Spacecraft properties
- Spacecraft type: Ye-6
- Manufacturer: OKB-1
- Launch mass: 6530 kg
- Dry mass: 1470 kg

Start of mission
- Launch date: 12 March 1965 09:25:31 GMT
- Rocket: Molniya 8K78
- Launch site: Baikonur 1/5
- Contractor: OKB-1

End of mission
- Disposal: Launch failure
- Decay date: 17 March 1965

Orbital parameters
- Reference system: Geocentric
- Regime: Low Earth
- Perigee altitude: 195 km
- Apogee altitude: 248 km
- Inclination: 64.7°
- Period: 89.1 minutes
- Epoch: 12 March 1965

= Kosmos 60 =

Failed Soviet lunar lander

Kosmos 60 (Космос 60 meaning Cosmos 60) was an E-6 No.9 probe (Ye-6 series), launched by the Soviet Union. It was the sixth attempt at a lunar soft-landing mission, with a design similar to that of Luna 4.
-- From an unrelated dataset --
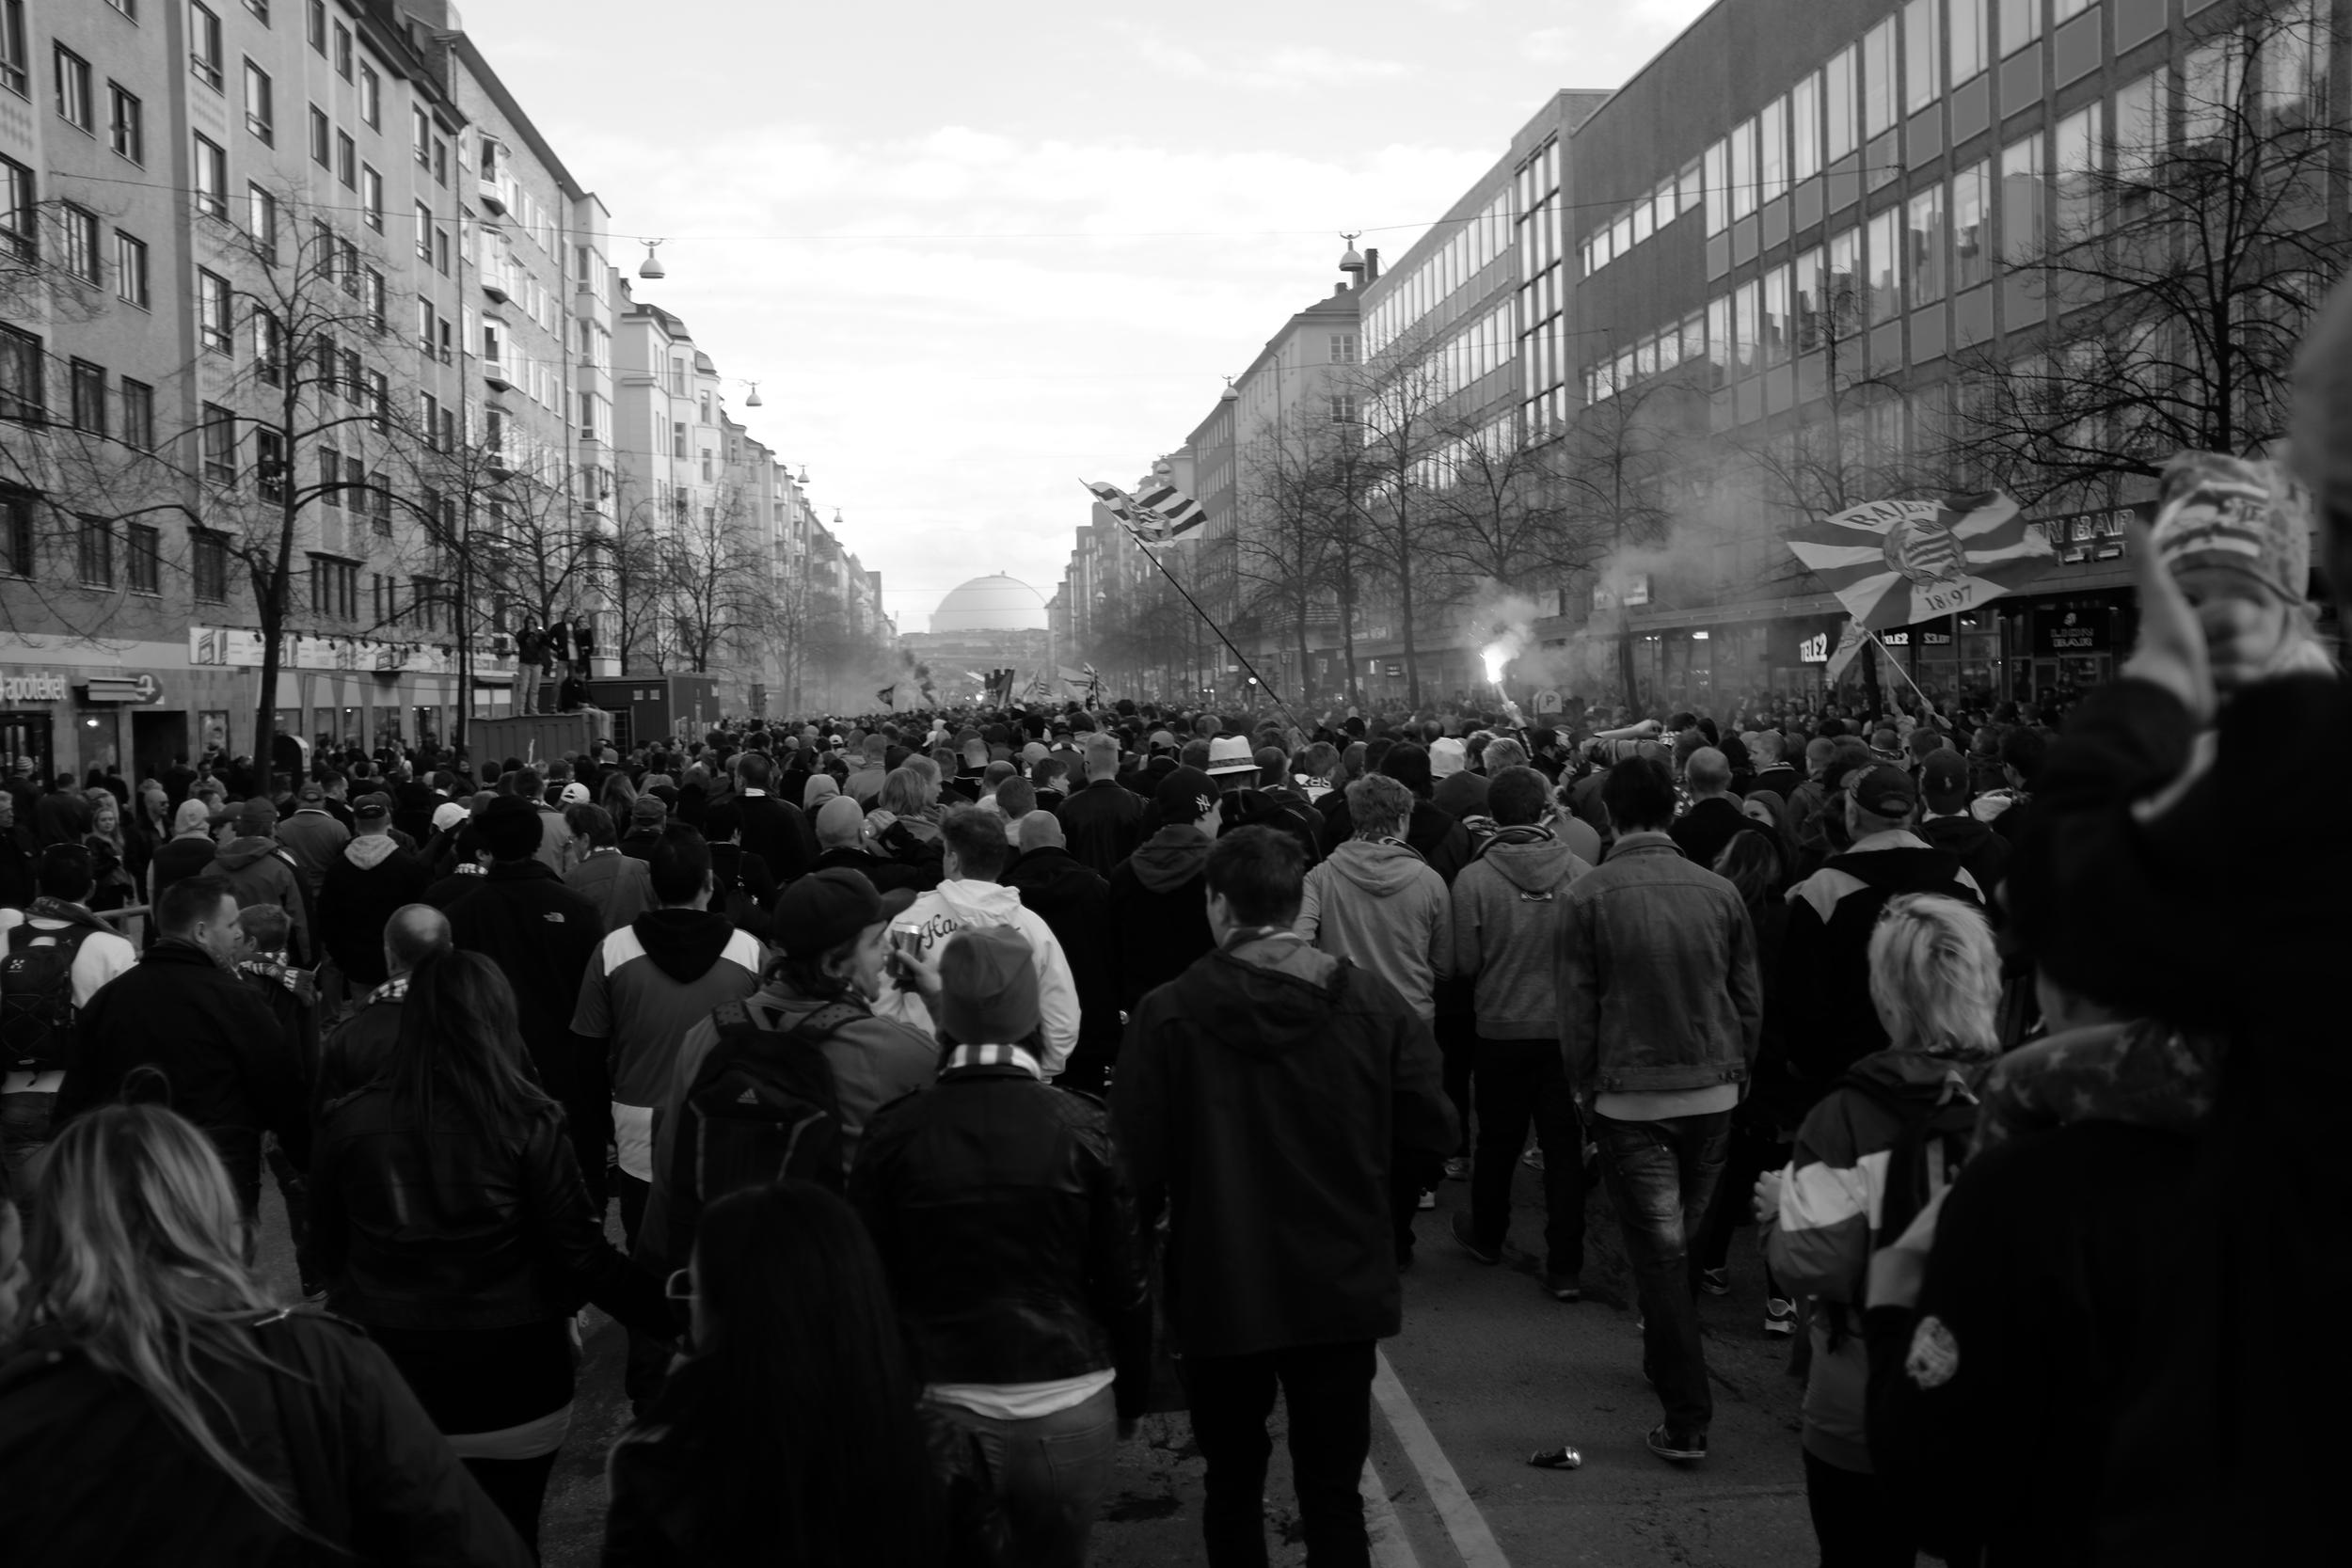 Foto: Virre Linwendil Annergård/ CC BY-NC-ND 2.0
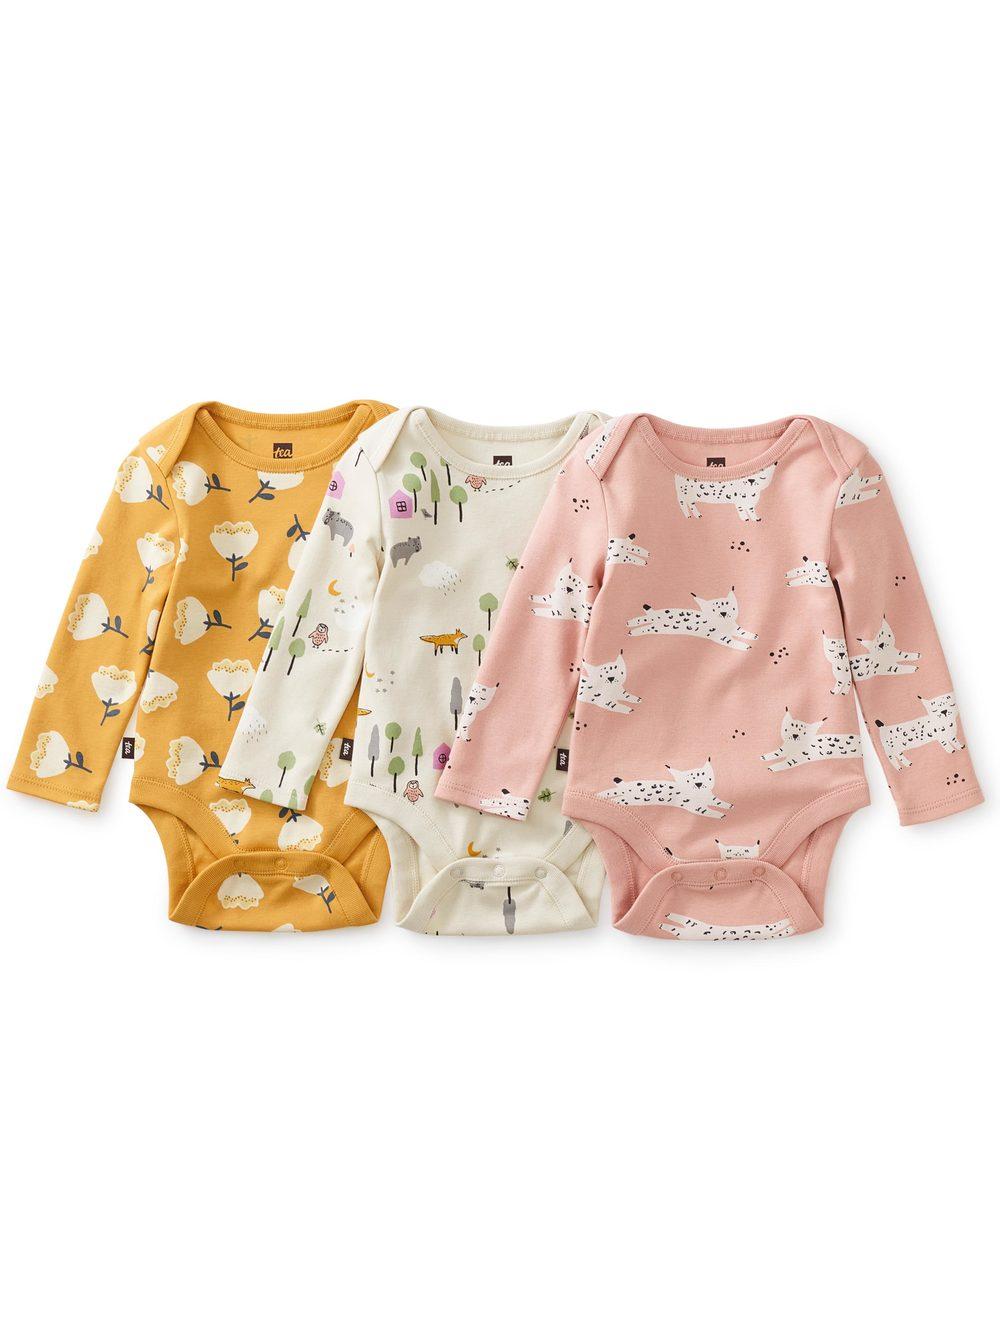 Baby Bodysuit Set

Kosmos 60 was launched by a Molniya 8K78 rocket, serial number G15000-24, flying from Site 1/5 at the Baikonur Cosmodrome. The launch took place at 09:25:31 GMT. The spacecraft achieved a low Earth orbit, with a perigee of 195 km, an apogee of 248 km, an inclination of 64.7°, and an orbital period of 89.1 minutes, but failed to leave orbit for its journey to the Moon due to a failure when the Blok L upper stage failed to fire for the trans-lunar injection burn. Instead, the spacecraft remained stranded in Earth orbit. A later investigation indicated that there might have been a short circuit in the electric converter within the control system of the spacecraft (which also controlled the Blok L stage) preventing engine ignition. It had an on-orbit mass of 1470 kg. The satellite reentered the Earth's atmosphere on 17 March 1965.

Kosmos 60 carried two instruments: an imaging system and the SBM-10 radiation detector.